Глава 13

Спеша за Габриеляном, я прошлась беглым взглядом по табличкам с именами участников мероприятия. Когда Ирина расставляла пластиковые холдеры, мне было не до того, чтоб вчитываться в текст. А сейчас как-то само в глаза бросилось. Сначала решила, что показалось. Но остановилась, прочла внимательнее. И меня словно молнией прошибло. Не бывает подобных совпадений! Человека с такими именем и фамилией я когда-то знала. Поэтому мысленно молила все высшие силы о том, чтобы это был не он. Ну, вдруг! Мало ли в мире тёзок и однофамильцев!

— Пойдёмте, пойдёмте, — поторапливал меня Борис Каренович. — Вот и наши меценаты.

У входа в конференц-зал стояли и разговаривали двое мужчин в деловых костюмах, а также несколько дам явно из числа чиновниц, судя по пышным начёсам и надменным выражениям лиц. Женщины были, по меньшей мере, вдвое старше своих собеседников. Но они буквально таяли и щебетали сладкими голосочками, стоило кому-то из мужчин к ним обратиться. И их можно понять. Оба были довольно рослые, хорошо сложенные и наверняка недурны собой. Один, повёрнутый к нам спиной, был жгучим брюнетом. Второй, стоявший вполоборота, русый.

— Вот, друзья, познакомьтесь, Светлана Юрьевна Ласточкина, автор книги, которую сегодня будем презентовать публике. А это Денис Дмитриевич Ростовский...

Русый кивнул, доброжелательно улыбаясь. А я, не чувствуя ног, перевела глаза на второго.

— И тот, о ком я вам уже говорил.
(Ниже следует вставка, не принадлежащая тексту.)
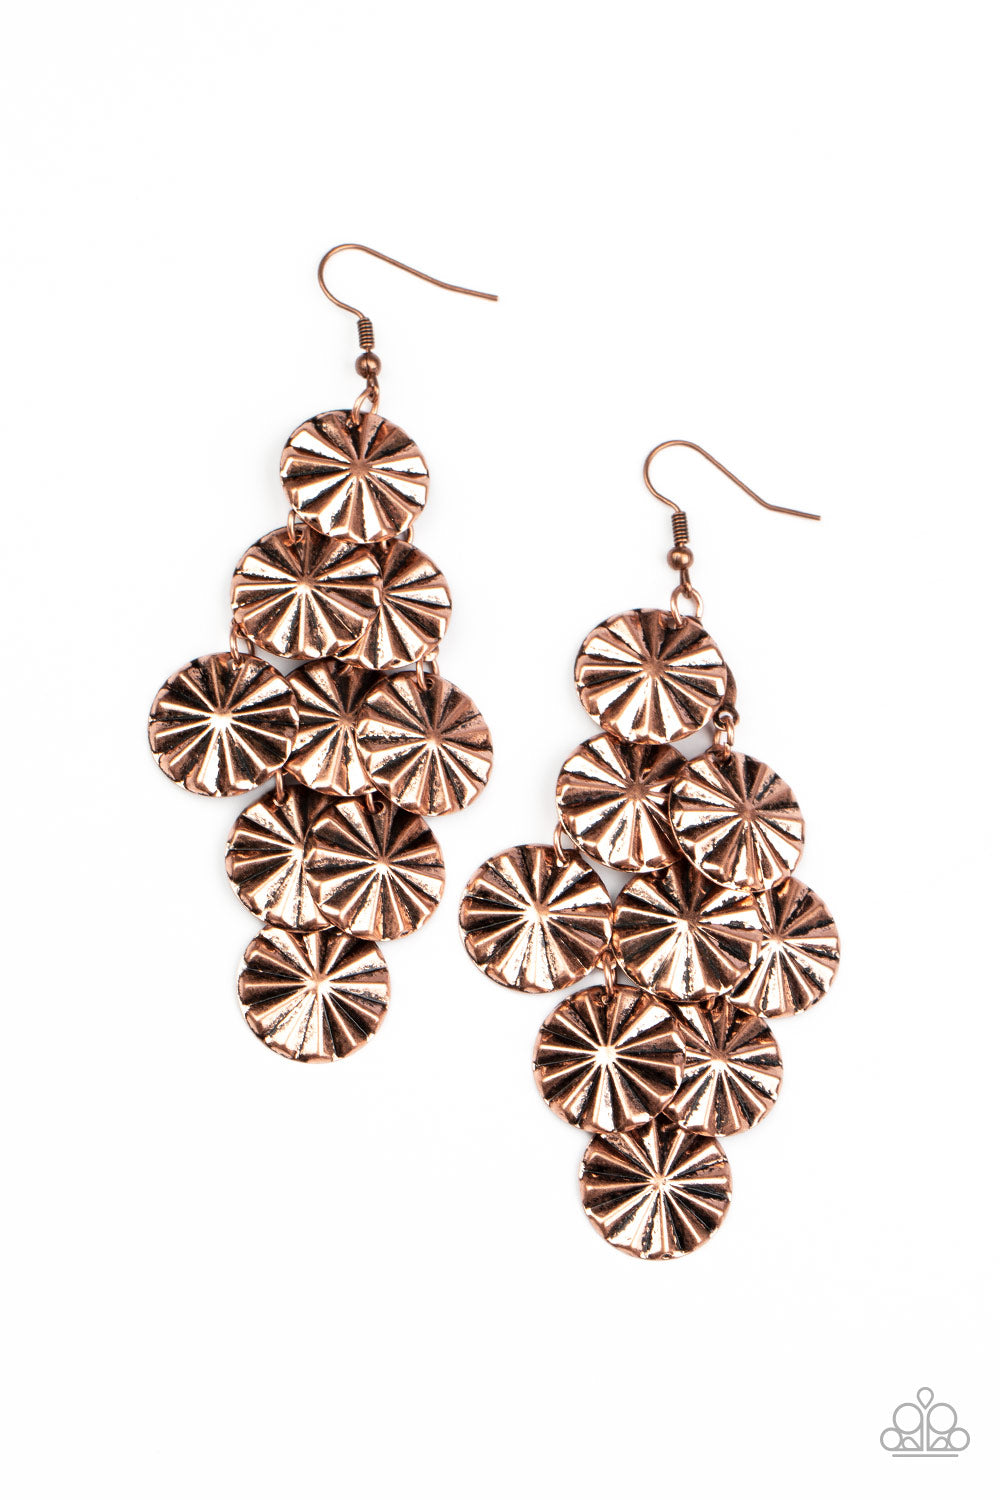 Star Spangled Shine - Copper Earrings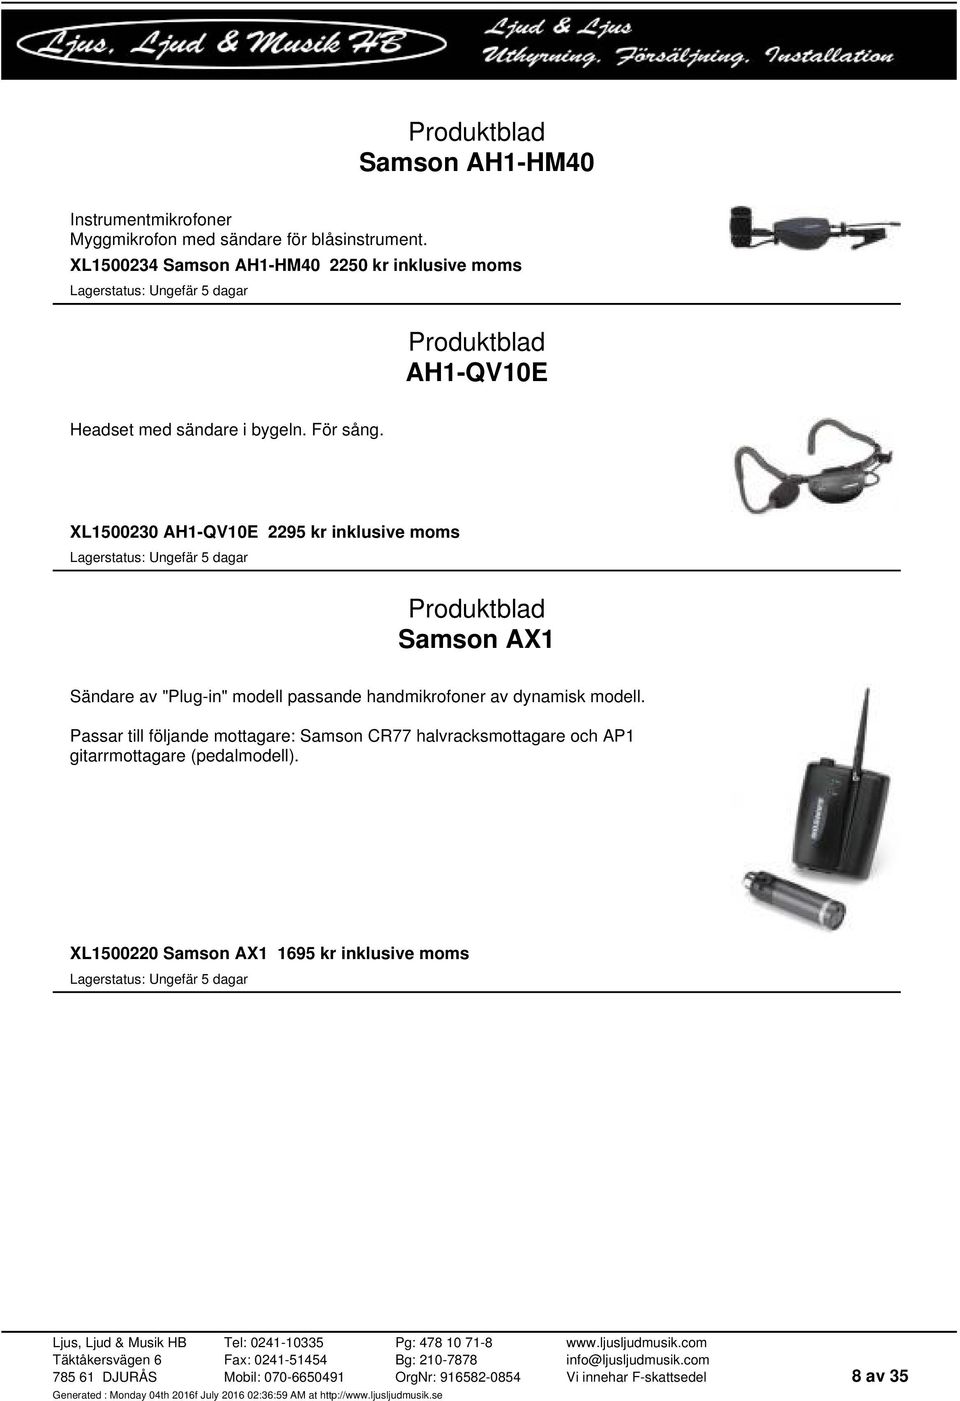 XL1500230 AH1-QV10E 2295 kr Samson AX1 Sändare av "Plug-in" modell passande handmikrofoner av dynamisk

Наш благодетель Максим Ильич Богорад, — продолжал Габриелян.

Увы, вселенная осталась ко мне глуха. Улыбка с лица Богорада моментально сошла. На секунду мы словно застыли, забыв, что вокруг нас люди.

— Добрый день, — наконец промолвил Максим негромко.

И добавил:

— А я думал, однофамилица.

— Я тоже так думала, — отозвалась тихо.

Он сильно изменился... Заметно повзрослел, возмужал. Отпустил бороду. Мне кажется, побрившись, он был бы больше похож на себя прежнего. А эта красивая, модная бородка добавляла ему солидности, возраста и сходства с отцом.

Ноги стали ватные. Я потеряла способность соображать и растерянно смотрела по сторонам. Только бы не встречаться с ним взглядом! Поглядела туда, где возвышался президиум, и к своему ужасу только теперь обнаружила, что таблички с нашими именами стоят рядом. Значит, нам придётся сидеть бок о бок. Я поискала взглядом Ирину. Хотела попросить поменяться с кем-то местами.

…Десять лет прошло, а как будто вчера это было. До сих пор во всех деталях помню тот день. До того болезненные, острые эмоции вызывали у меня те воспоминания, что я даже единственное видео, которое у меня было с Максимом, когда он играет с Лисом, так и не смогла ни разу пересмотреть. Кстати, Лис до сих пор был жив и здоров. В отличие от части моей души. И каждый раз, когда я вспоминаю, у меня в горле ком, потому что…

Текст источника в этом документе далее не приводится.